YorkHost - Infrastructure Virtualisation Upgrade – Maintenance details

All systems operational

Infrastructure Virtualisation Upgrade

Completed
Scheduled for November 06, 2025 at 7:30 AM – 9:30 AM

Affects

Virtualization Infrastructure

Under maintenance from 7:30 AM to 9:30 AM

PVE 01

Under maintenance from 7:30 AM to 9:30 AM

Web

Under maintenance from 7:30 AM to 9:30 AM

Plesk Web01

Under maintenance from 7:30 AM to 9:30 AM

Updates
  • Completed
    November 06, 2025 at 9:30 AM
    Completed
    November 06, 2025 at 9:30 AM

    Status: ⚙️ Completed (Partial Success)
    Date: November 6, 2025
    Start Time: 08:30 AM
    Completion: ~10:00 PM

    As part of YorkHost’s infrastructure enhancement program, a multi-layer maintenance operation was conducted across several environments, including PVE-01, PVE-05, and the management hypervisor (MGMT). The objective was to reinforce virtualization performance, storage reliability, and scalability.


    🔧 Objectives

    1. Install a new SSD on PVE-01 to improve I/O performance and replace the old drive.

    2. Deploy PVE-05, a new hypervisor expanding the cluster’s compute capacity.

    3. Upgrade the management PVE node to strengthen orchestration and monitoring.


    🧩 Technical Summary

    • The old SSD on PVE-01 was successfully removed and replaced with a new Samsung QVO.

    • The new drive was detected but marked “foreign” by the RAID controller (Dell PERC H710).

    • This prevented its integration into Proxmox. A reset of the RAID configuration was attempted, but the issue persisted.

    • A follow-up maintenance (~30 minutes) will be planned to reinitialize the controller and finalize the integration.

    Parallel to this, the PVE-05 setup began. Base installation and network configuration are complete, with final cluster integration expected within 24 hours.
    The MGMT hypervisor was upgraded, improving internal tools and monitoring, but a few misconfigurations created temporary bottlenecks, delaying completion.


    🖥️ Concurrent Operations

    This maintenance coincided with other internal tasks, including interventions on:

    • Several dedicated servers belonging to client infrastructure.

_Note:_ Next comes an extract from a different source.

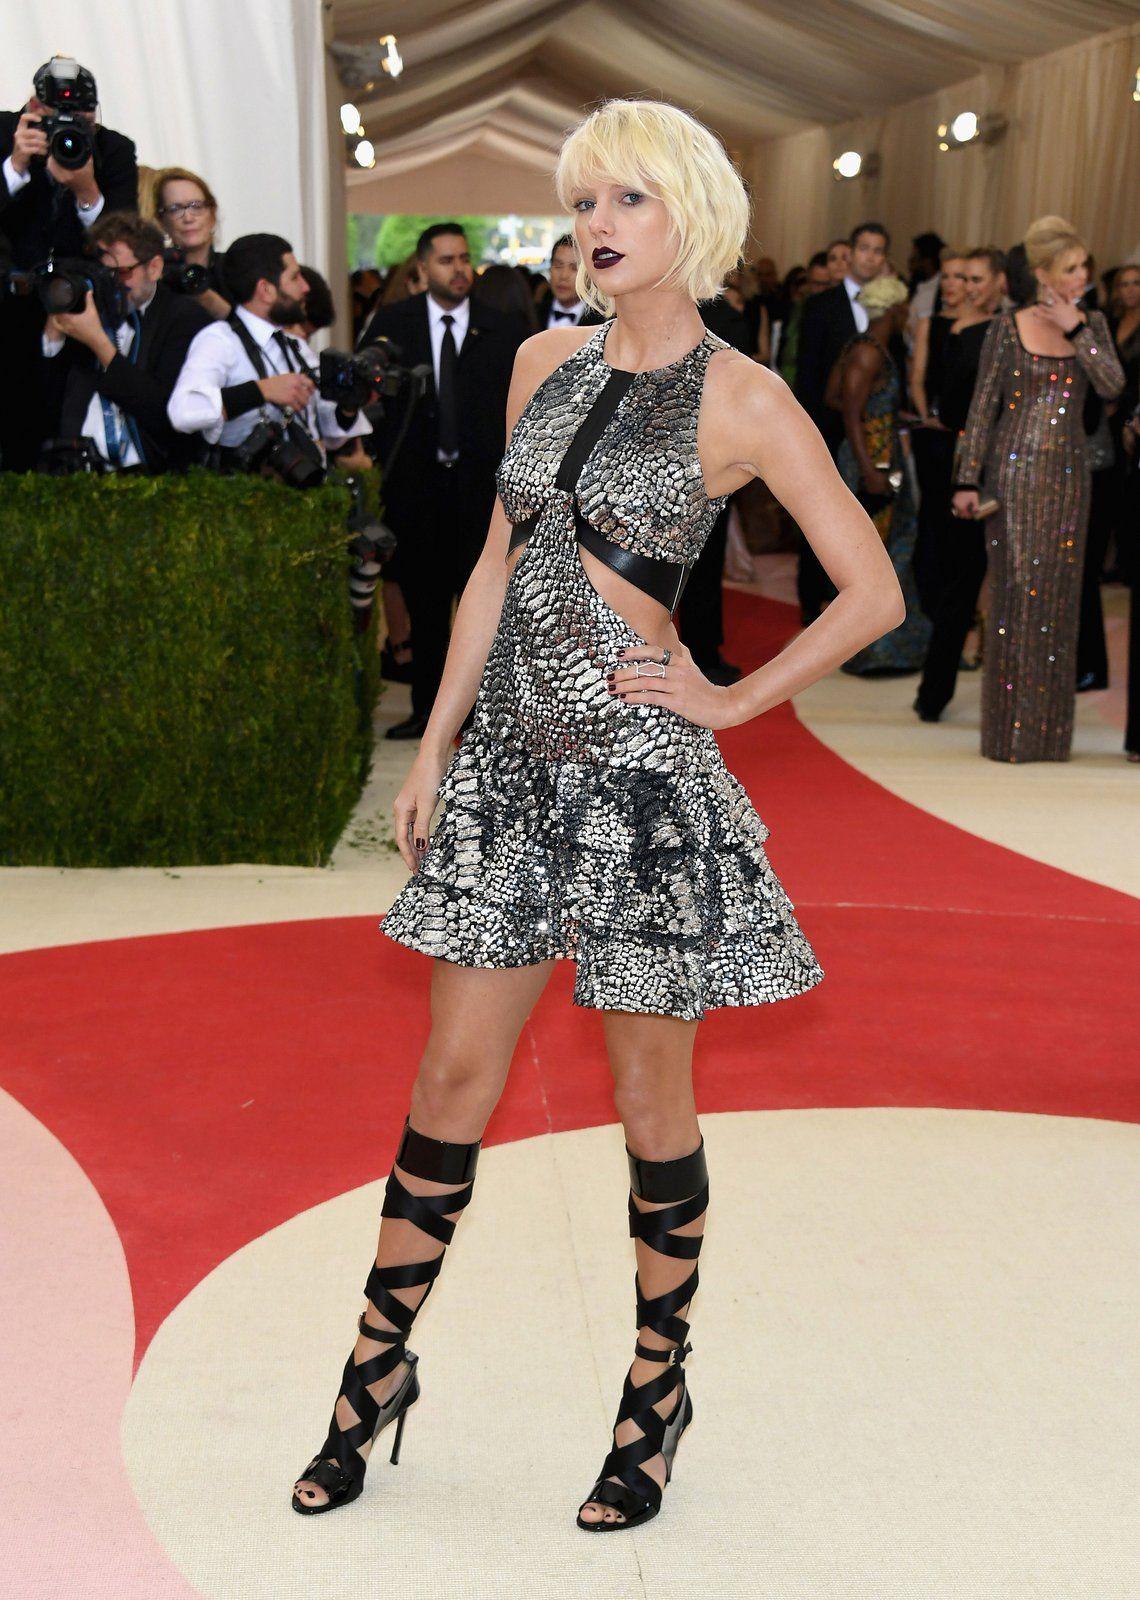 *** #FashionNEWS ***  Il #METGala, la festa dell'anno, ovvero uno dei #RedCarpet più importanti del settore della moda, è finalmente arrivato! L'appuntamento annuale del Metropolitan Museum di New York con il suo Art's Costume Institute Gala, ha appena avuto luogo, vogliamo mostrarvi alcuni degli arrivi sul tappeto rosso...! Il tema di quest'anno: Manus ex Machina: la moda nell'era della #tecnologia.  Il #futuro della #moda è qui.  TAYLOR SWIFT
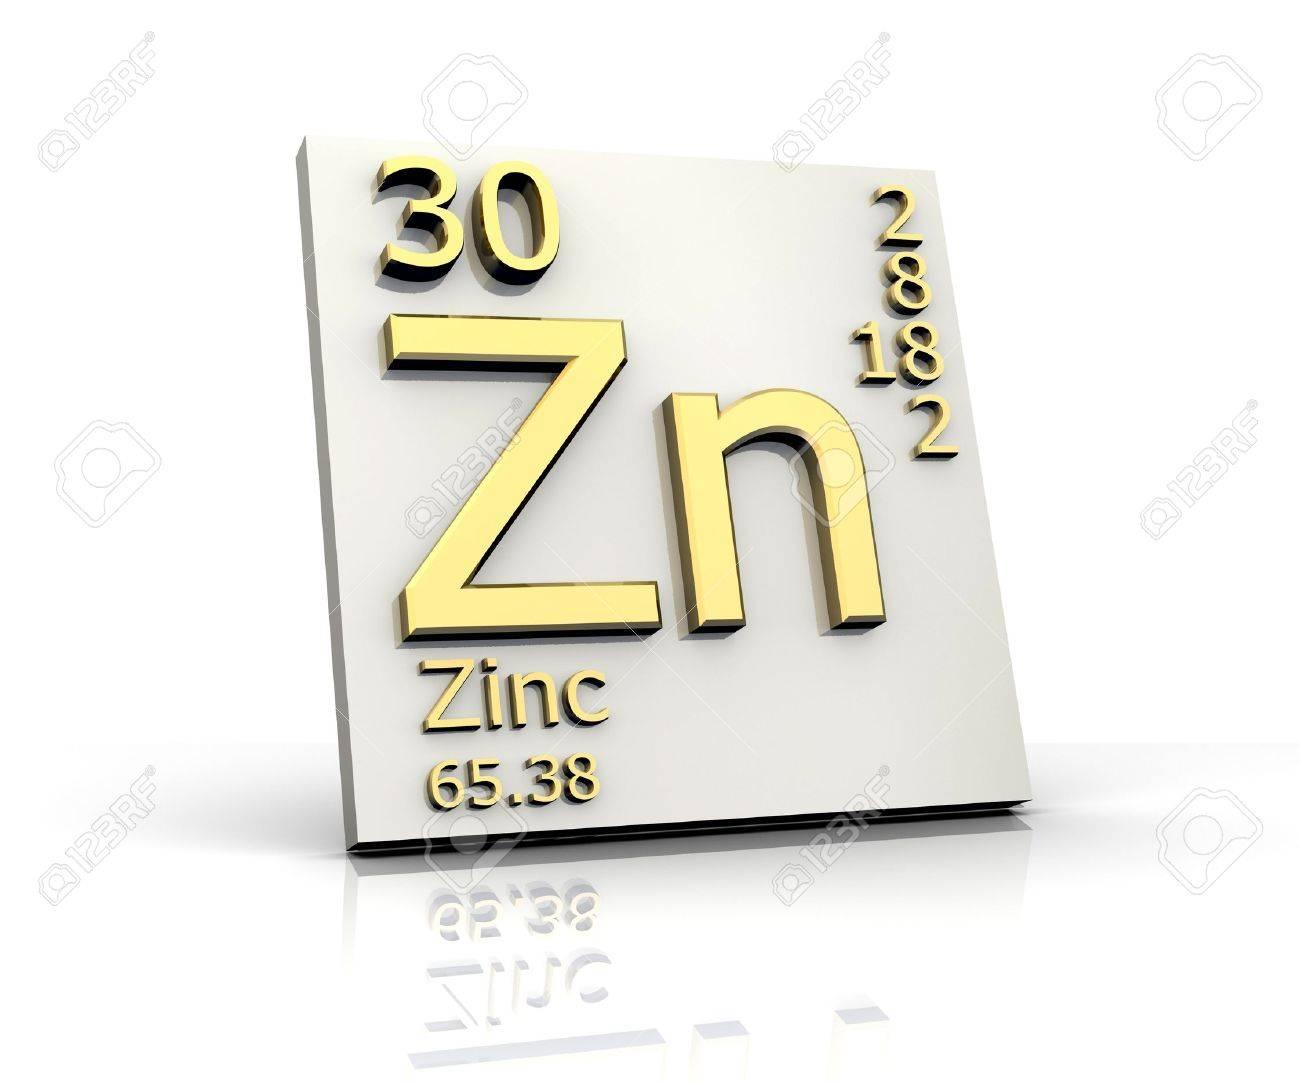 El zinc forma tabla peridica de los elementos fotos retratos el zinc forma tabla peridica de los elementos foto de archivo 4315562 urtaz Image collections

    • Two game nodes undergoing updates and hardware adjustments.

    While these parallel operations were all part of ongoing optimization efforts, scheduling too many maintenance actions within such a short timeframe led to resource overlap and reduced operational efficiency.
    Future procedures will be better spaced and independently scheduled to maintain focus and execution quality.


    ⚠️ Operational Observations

    The planned 30-minute window extended due to:

    • RAID configuration anomalies.

    • Additional diagnostics and reinitialization steps.

    • Cumulative delays from concurrent tasks.

    The late timing also increased operational strain and fatigue, further impacting response times.


    📅 Improvements for Future Maintenance

    • Plan interventions individually and earlier in the day to reduce operational pressure.

    • Avoid simultaneous maintenance across multiple systems unless strictly necessary.

    • Implement structured scheduling and task dependencies to ensure workflow separation.

    • Prepare spare hardware and validated RAID configurations before intervention.


    ✅ Next Steps

    1. Schedule short maintenance to finalize SSD setup on PVE-01.

    2. Complete PVE-05 activation and synchronization.

    3. Validate inter-node monitoring and backup consistency.

    Despite partial complications, all systems are stable, and YorkHost engineering teams remain committed to improving reliability and service continuity across the infrastructure.
    End of Report.

  • Planned
    November 06, 2025 at 7:30 AM
    Planned
    November 06, 2025 at 7:30 AM

    As part of our ongoing virtualization infrastructure improvements, a maintenance operation is scheduled on PVE-01 to install an additional SSD aimed at enhancing storage performance and system reliability.

    ⏱️ Estimated duration: up to 30 minutes
    ⚠️ Expected impact: temporary interruption of hosted services, including Plesk

    This upgrade is part of our continuous effort to ensure optimal performance and service stability across all environments.
    Our engineering teams will closely monitor the operation to minimize downtime and ensure a swift restoration of all services.